Hacker Newsnew | past | comments | ask | show | jobs | submitlogin

I have been hearing this about AMD/ATI drivers for decades. Every year, someone says that it is fixed, only for new evidence to come out that they are not. I have no reason to believe it is fixed given the history.

Here is evidence to the contrary: If ROCm actually was in good shape, tinygrad would use it instead of developing their own driver.



You're conflating two different things.

ROCm isn't part of AMD drivers, its a software library that helps you support legacy compute APIs and stuff in the BLAS/GEMM/LAPACK end of things.

The part of ROCm you're interested in is HIP; HIP is the part that does legacy CUDA emulation.

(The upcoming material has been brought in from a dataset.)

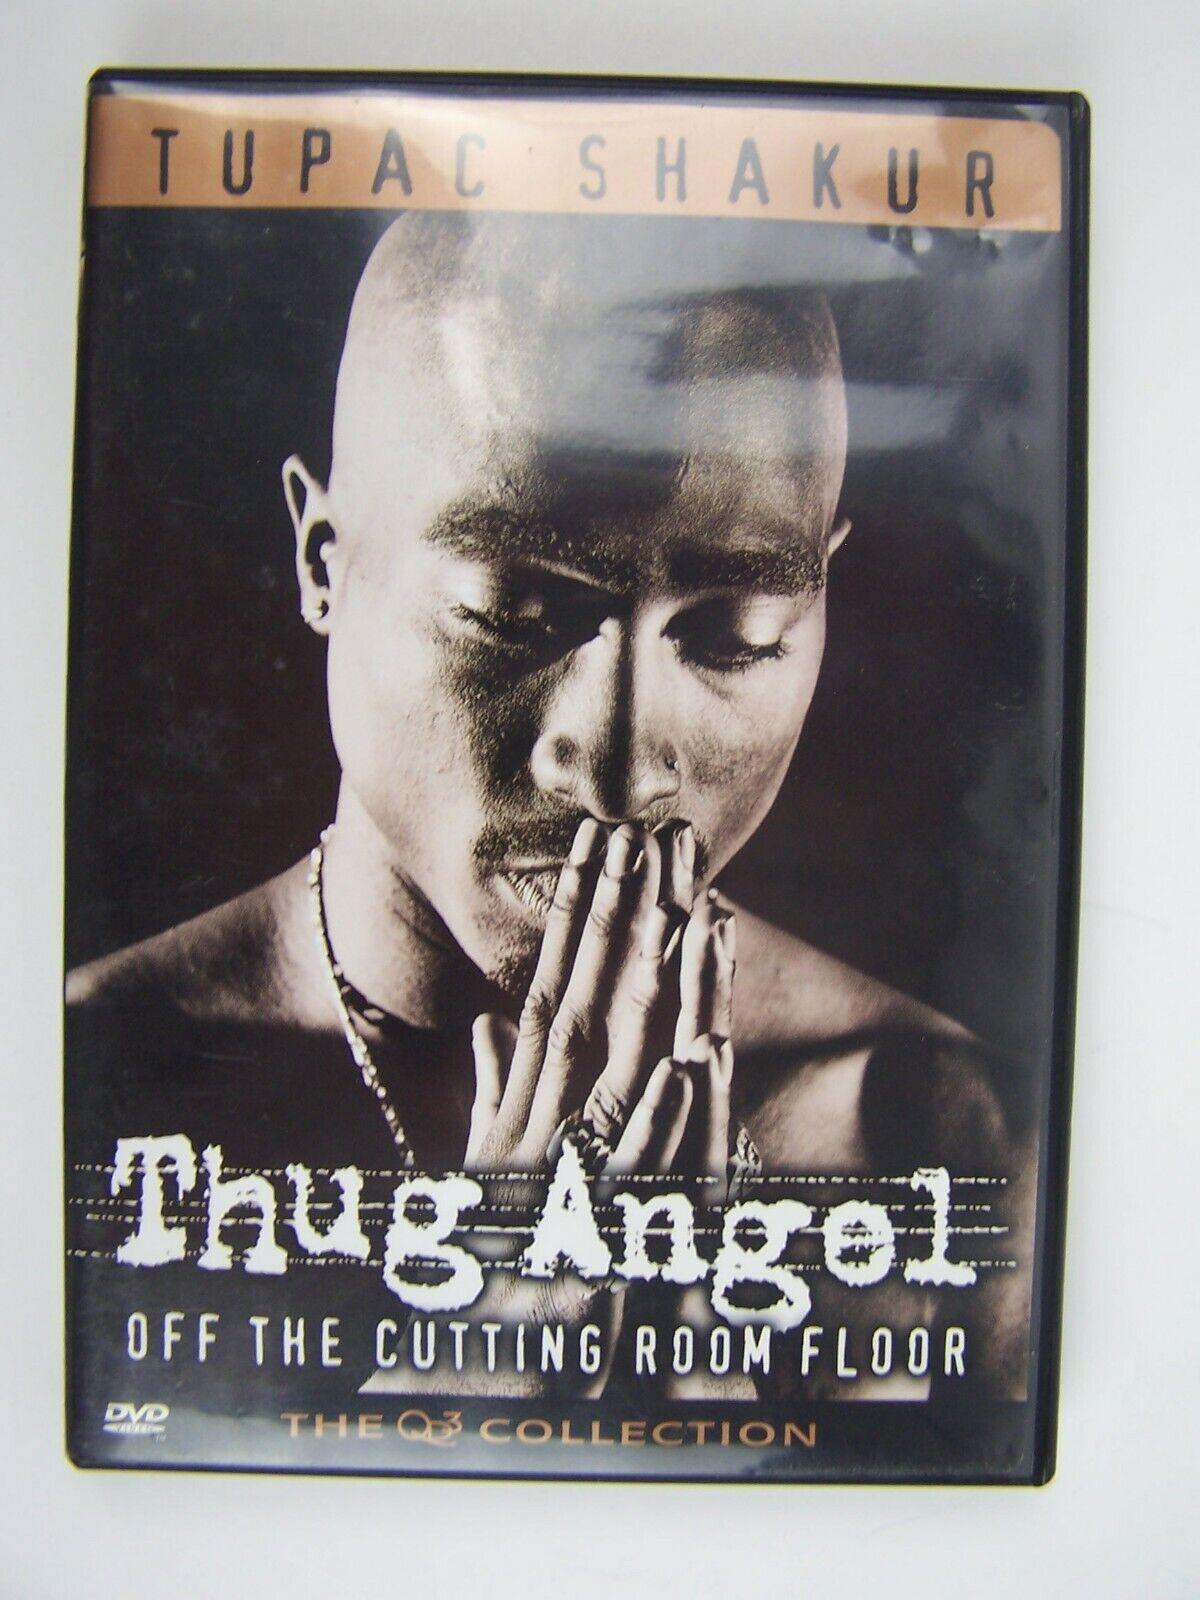 Tupac Shakur Thug Angel - Off the Cutting Room Floor Bo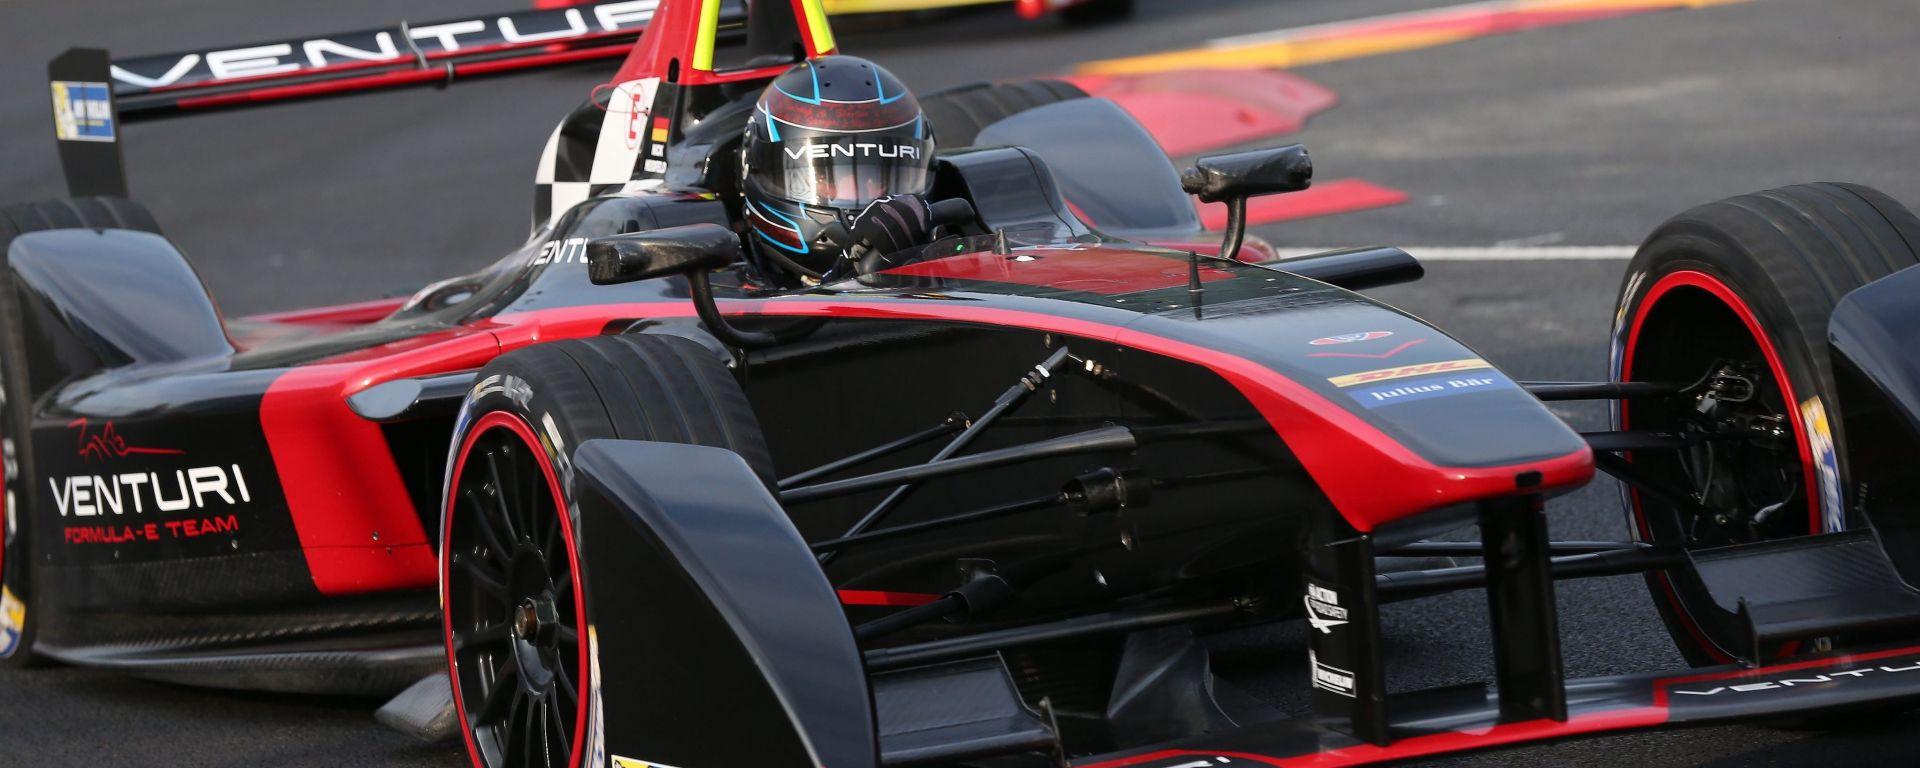 Venturi Grand Prix - Formula e

HIP will never be complete because Nvidia keeps adding new things, documents things wrong, and also the "cool" stuff people do on Nvidia cards aren't CUDA and it is out of scope for HIP to emulate PTX (since that is strongly tied to how historical Nvidia architectures worked, and would be entirely inappropriate for AMD architectures).

The whole thing with Tinygrad's "driver" isn't a driver at all, its the infrastructure to handle card to card ccNUMA on PCI-E-based systems, which AMD does not support: if you want that, you buy into the big boy systems that have GPUs that communicate using Infinity Fabric (which it, itself, is the HyperTransport protocol over PCI-E PHY instead of over HyperTransport PHY; PCI over PCI-E has no ability to handle ccNUMA meaningfully).

Extremely few customers, AMD's or not, want to share VRAM directly over PCI-E across GPUs since most PCI-E GPU customers are single GPU. Customers that have massive multi-GPU deployments have bought into the ecosystem of their preferred vendor (ie, Nvidia's Mellanox-powered fabrics, or AMD's wall-to-wall Infinity Fabric).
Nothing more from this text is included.